2 апреля Банк Франции потребовал объявить заем в размере 50 миллионов франков и произвести новую эмиссию банковских билетов. Бальзак понял, что разорен. Запершись в особняке Божон, он питался хлебом, сыром и салатом.
Нервное расстройство отразилось на зрении. У него то мелькали в глазах черные мушки, то все предметы двоились. «Слепота означала бы смерть». Наккар лечил его, накладывая нарывные пластыри на уши. Мать заменила этот «щадящий бальзам» на кровопускание из височной вены. После одного дня лечения он вслепую принялся писать письма. Барышни Сюрвиль, его племянницы, выполняли для него секретарскую работу.
В субботу 3 июня, опасаясь нового всплеска революционной активности в Париже, Бальзак уехал в Саше. Беспорядки на парижских улицах и политика отравляли ему жизнь. Посвятить себя государственным делам означало бы предать забвению личную жизнь, превратиться в управляющего непредсказуемым обществом. В Саше он вновь почувствовал умиротворяющую власть работы.

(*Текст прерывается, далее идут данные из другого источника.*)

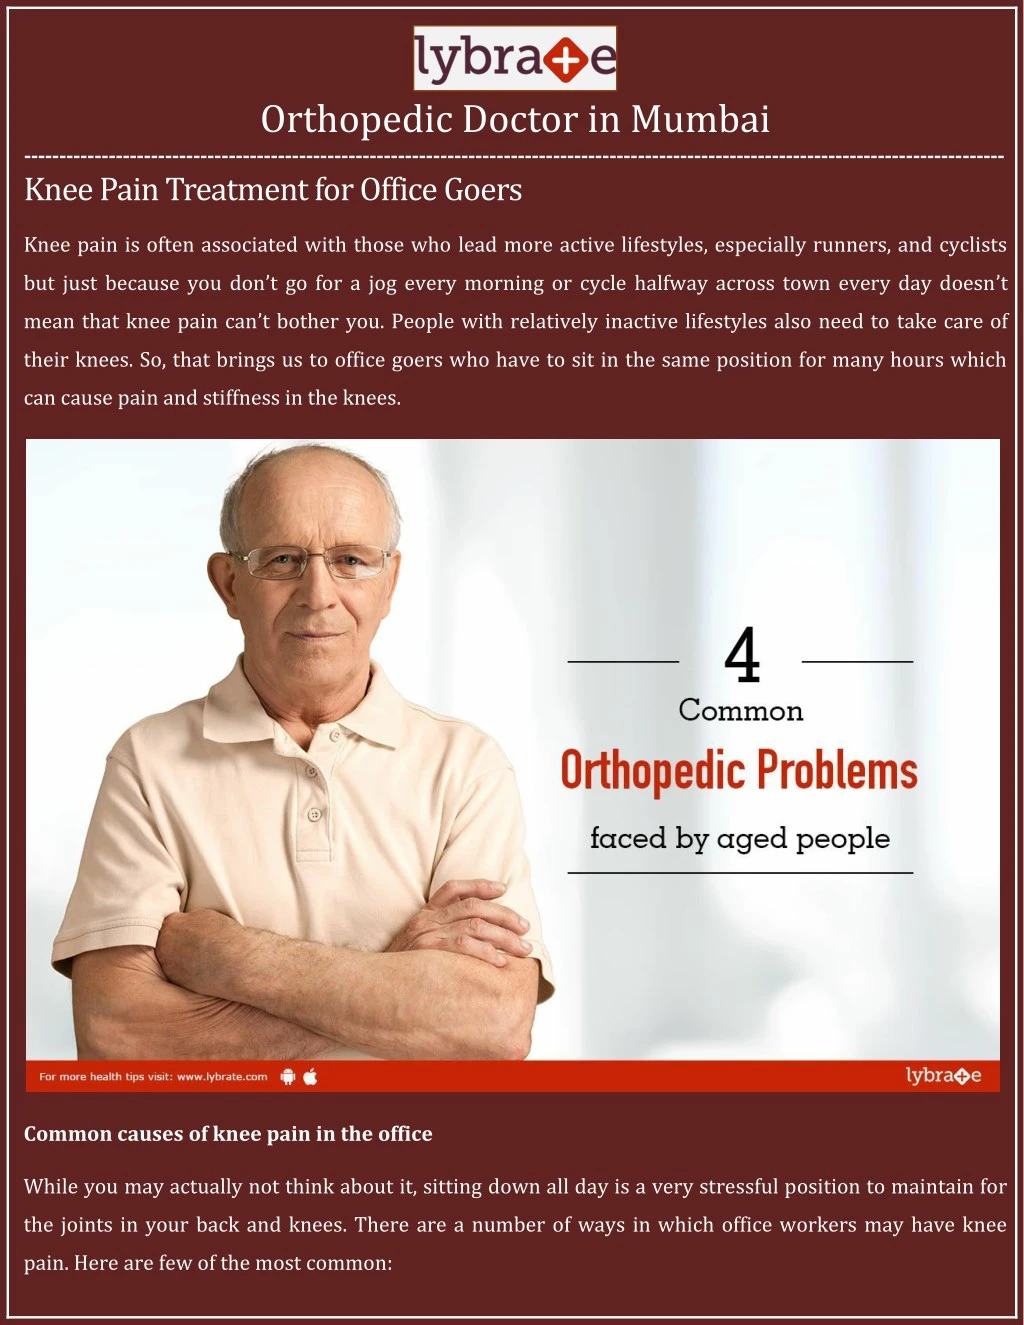 orthopedic doctor in mumbai knee pain treatment

Ему следовало бы написать «Мелких буржуа», но он «уподобился ленивой лошади, которая перешла на шаг». На этот раз лошадь сбила себе ноги.
Теперь нервная болезнь коснулась сердца. Он захотел повторить знаменитую прогулку из Саше в Тур, описанную в романе «Лилия долины». Но «я более не могу ни подняться даже на незначительную высоту, ни быстро шагать».
Находясь в Туре, Бальзак узнал об июньских событиях. Говорили о 25 тысячах погибших. Две тысячи восставших были ранены и 1500 убиты. Национальная гвардия понесла значительные потери.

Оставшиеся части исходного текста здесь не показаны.